Present sand casting molds and cores have actually limited industrial use since industrial methods, such as washout tooling, use heat and pressure that can cause sand parts to break or stop working on the first try. More powerful sand parts are required to support manufacturing at a big scale and make it possible for rapid part production.
” Our high-strength polymer sand composite raises the complexity of parts that can be made with binder jetting techniques, enabling more complex geometries, and expands applications for manufacturing, tooling, and building,” stated Gilmer.
The novel binder won a 2019 R&D 100 Award and has been licensed by market partner ExOne for research.
Reference “Additive manufacturing of strong silica sand structures enabled by polyethyleneimine binder” by Dustin B. Gilmer, Lu Han, Michelle L. Lehmann, Derek H. Siddel, Guang Yang, Azhad U. Chowdhury, Benjamin Doughty, Amy M. Elliott and Tomonori Saito, 26 August 2021, Nature Communications.DOI: 10.1038/ s41467-021-25463-0.
The work was sponsored by the DOEs Office of Energy Efficiency and Renewable Energy and utilized resources supported by DOEs Office of Science.

A novel polymer established at Oak Ridge National Laboratory strengthens sand for additive production applications. A 6.5 centimeter 3D-printed sand bridge, shown here, held 300 times its own weight.

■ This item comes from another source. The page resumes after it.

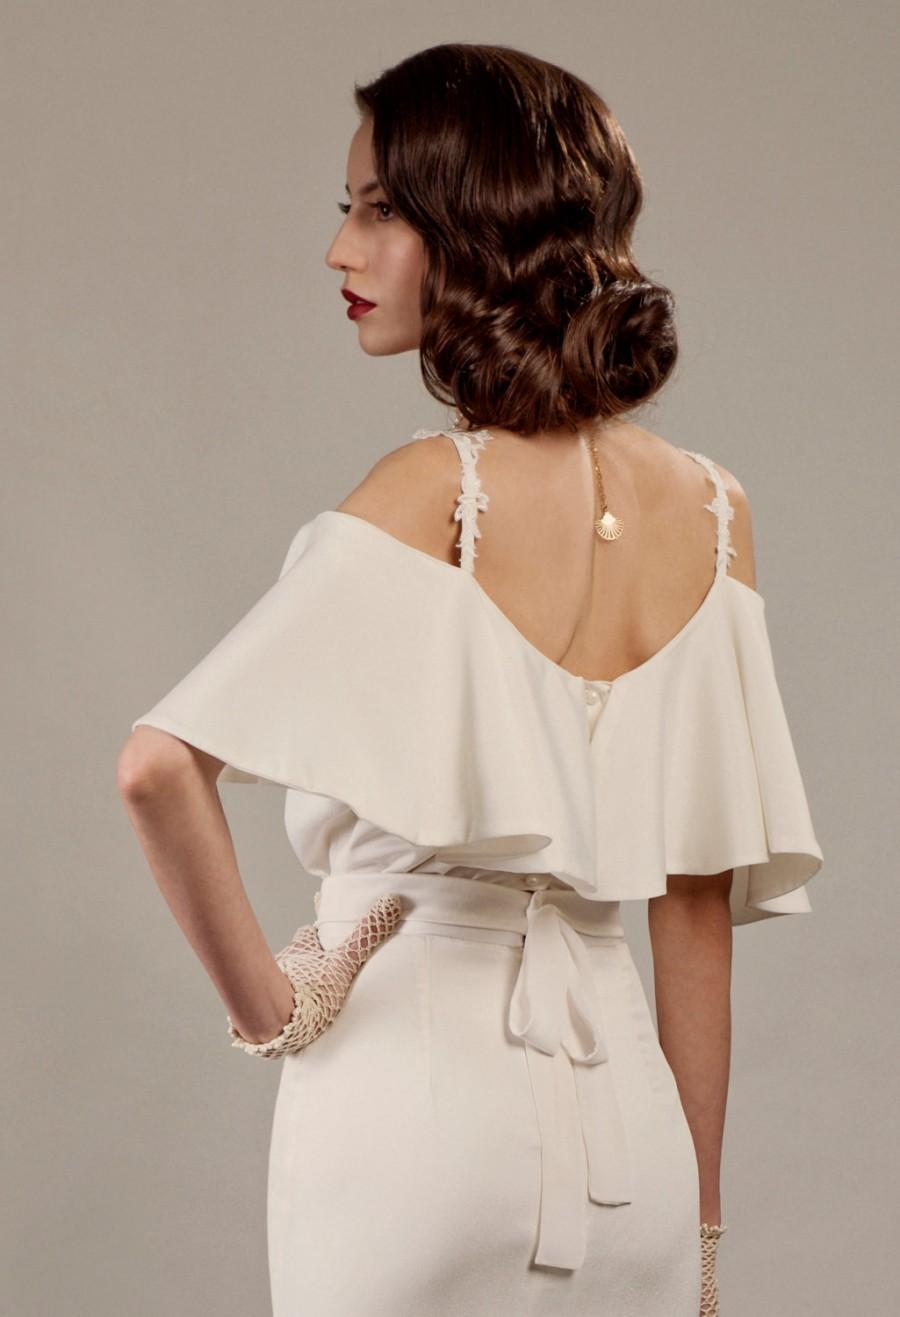 Wedding - Veronica two piece unique wedding dress ensemble in ivory glamorous 30's Hollywood vintage inspired

Credit: Dustin Gilmer/University of Tennessee, Knoxville
Researchers at the Department of Energys Oak Ridge National Laboratory designed a novel polymer to reinforce and bind silica sand for binder jet additive production, a 3D-printing technique utilized by markets for prototyping and part production.
The printable polymer enables sand structures with elaborate geometries and extraordinary strength– and is also water soluble.
The research study, published in Nature Communications, demonstrates a 3D-printed sand bridge that at 6.5 centimeters can hold 300 times its own weight, a task comparable to 12 Empire State Buildings resting on the Brooklyn Bridge.